The pandemic's greatest significance lies in its revelation of the racism permeating America's social and economic policy, said Andrea Campbell, professor of political science. "It has been too easy for healthy, financially stable, often white Americans to think the vulnerable are residual."

"The pandemic has revealed the American health care system to be a non-system," said Jeffrey Harris, professor emeritus of economics and a practicing physician, pointing to the uncoordinated occupancy rates in New York hospitals and the country's inability to distribute vaccines efficiently and equitably.

Medical Professor Erica Caple James questioned policymakers who, aware of the fact that disease and death fall disproportionately in marginal populations, make decisions that deepen the risks of vulnerable groups, urging that American health infrastructure should be improved.

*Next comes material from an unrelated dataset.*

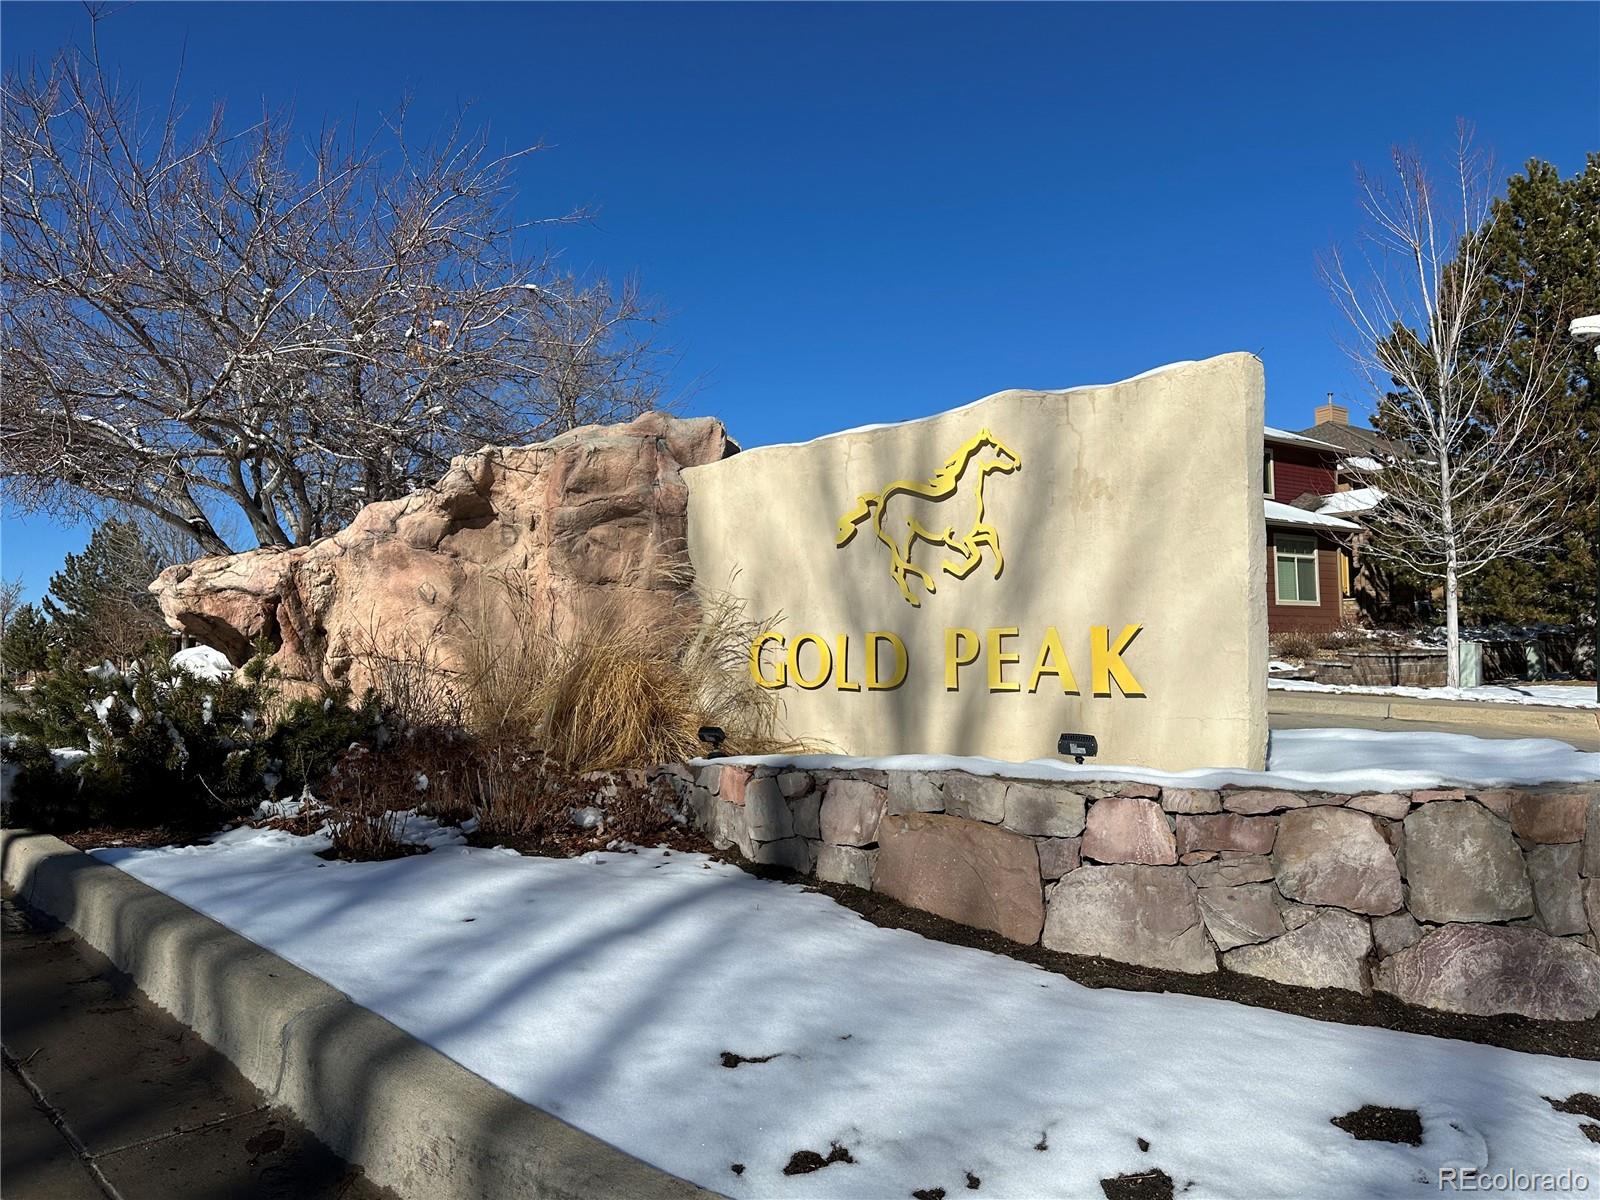 8566  gold peak drive, Highlands Ranch sold home. Closed on 2024-03-25 for $533,000.

Economics Professor Parag Pathak hopes that the pandemic could spur renewed focus on protecting the disadvantaged, who have borne the brunt of COVID-19, while arguing that the East-Asian style, centralized, and coordinated health systems are more equipped to manage population health, especially during a pandemic.

African Americans are three times as likely as whites to be infected with the virus, and twice as likely to die from it, according to a report by the National Urban League.

The United States has seen a rise in new cases in 27 states, including cases from new and emerging COVID-19 variants. The seven-day average of new COVID-19 cases now stands at 61,000 cases a day, according to data from the U.S. Centers for Disease Control and Prevention.